District Courts and United States Courts of Appeal. Ky. Civ. R. 76.37(1). When a party seeks

certification of a question from both the district court and our court, we must therefore exercise

our own discretion whether to certify, in addition to or instead of reviewing the district court’s

exercise of its discretion. The counties initiated this lawsuit in federal court, and they did not ask

for certification until after the district court ruled against them. “[C]ertification is disfavored

where a plaintiff files in federal court but then, in light of an unfavorable judgment, seeks refuge

in a state forum.” Geronimo v. Caterpillar, Inc., 440 F. App’x 442, 449 (6th Cir. 2011).
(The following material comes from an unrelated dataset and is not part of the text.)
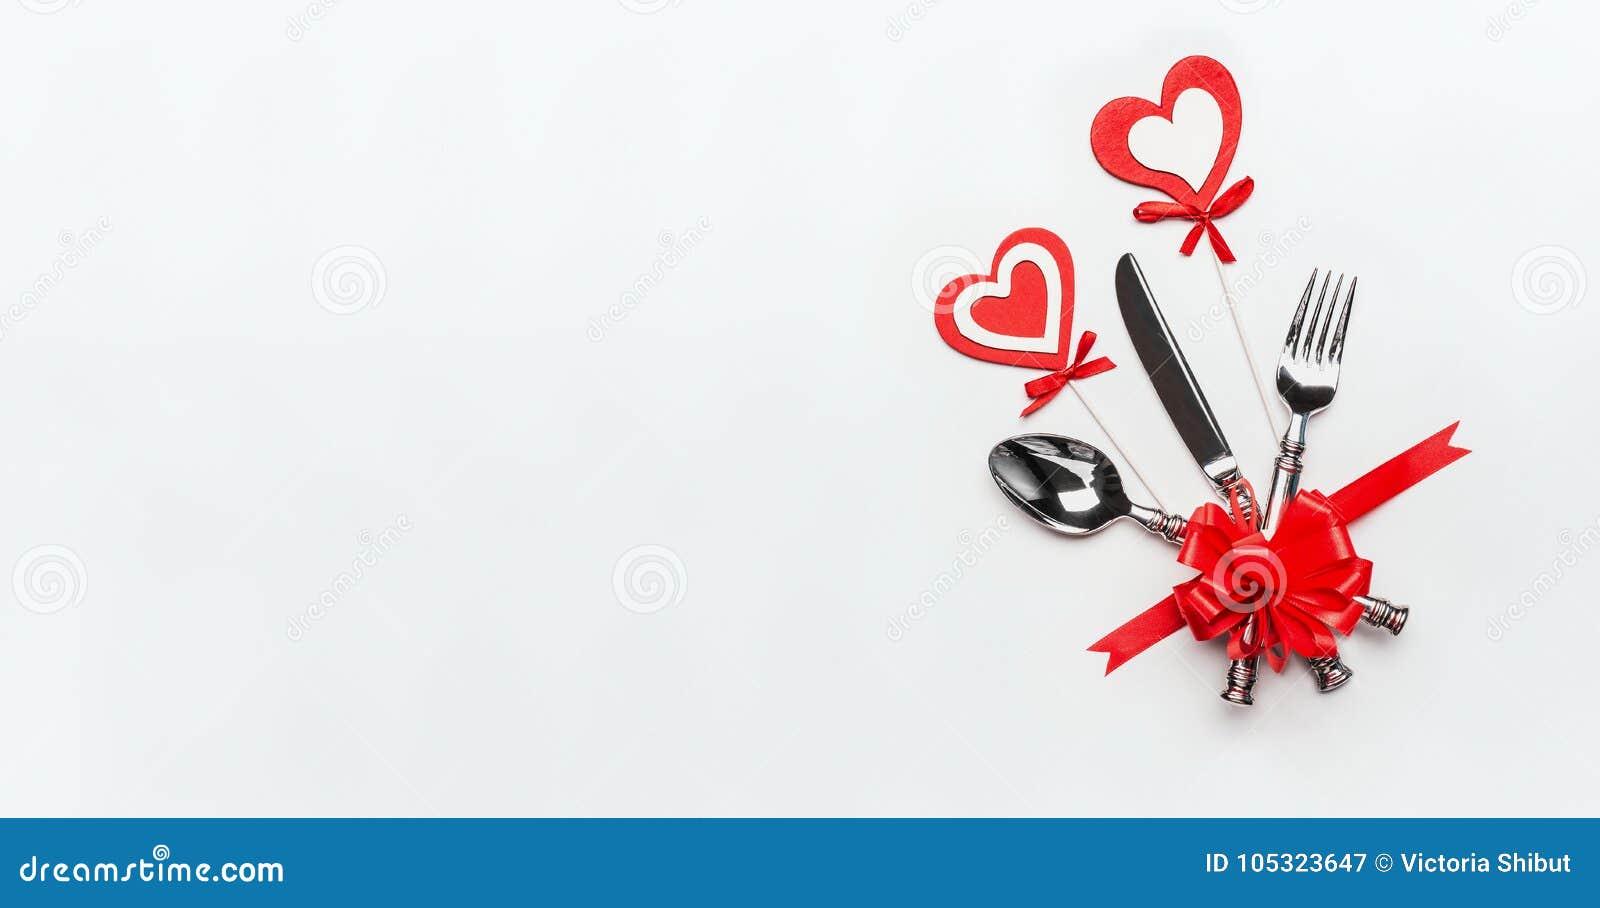 Cubierto festivo de la tabla con los cubiertos y la cinta roja y corazones en el fondo blanco, bandera

We are

not persuaded by the counties’ argument that they filed in federal court because of “the virtual

certainty that . . . the state court action [would have been] removed to federal court.” Appellant’s

Br. at 27. To the extent that the counties did, in fact, believe that state courts provided a better

forum to consider their novel legal argument, they should have filed in state court or at least

sought certification before the district court ruled on the merits of the claim. Town of Smyrna,

Tenn. v. Mun. Gas Auth. Of Ga.¸ 723 F.3d 640, 649 (6th Cir. 2013) (“The appropriate time to

seek certification of a state-law issue is before a District Court resolves the issue, not after

receiving an unfavorable ruling.”).

                                          III.    Conclusion

       For these reasons, we AFFIRM the judgment of the district court.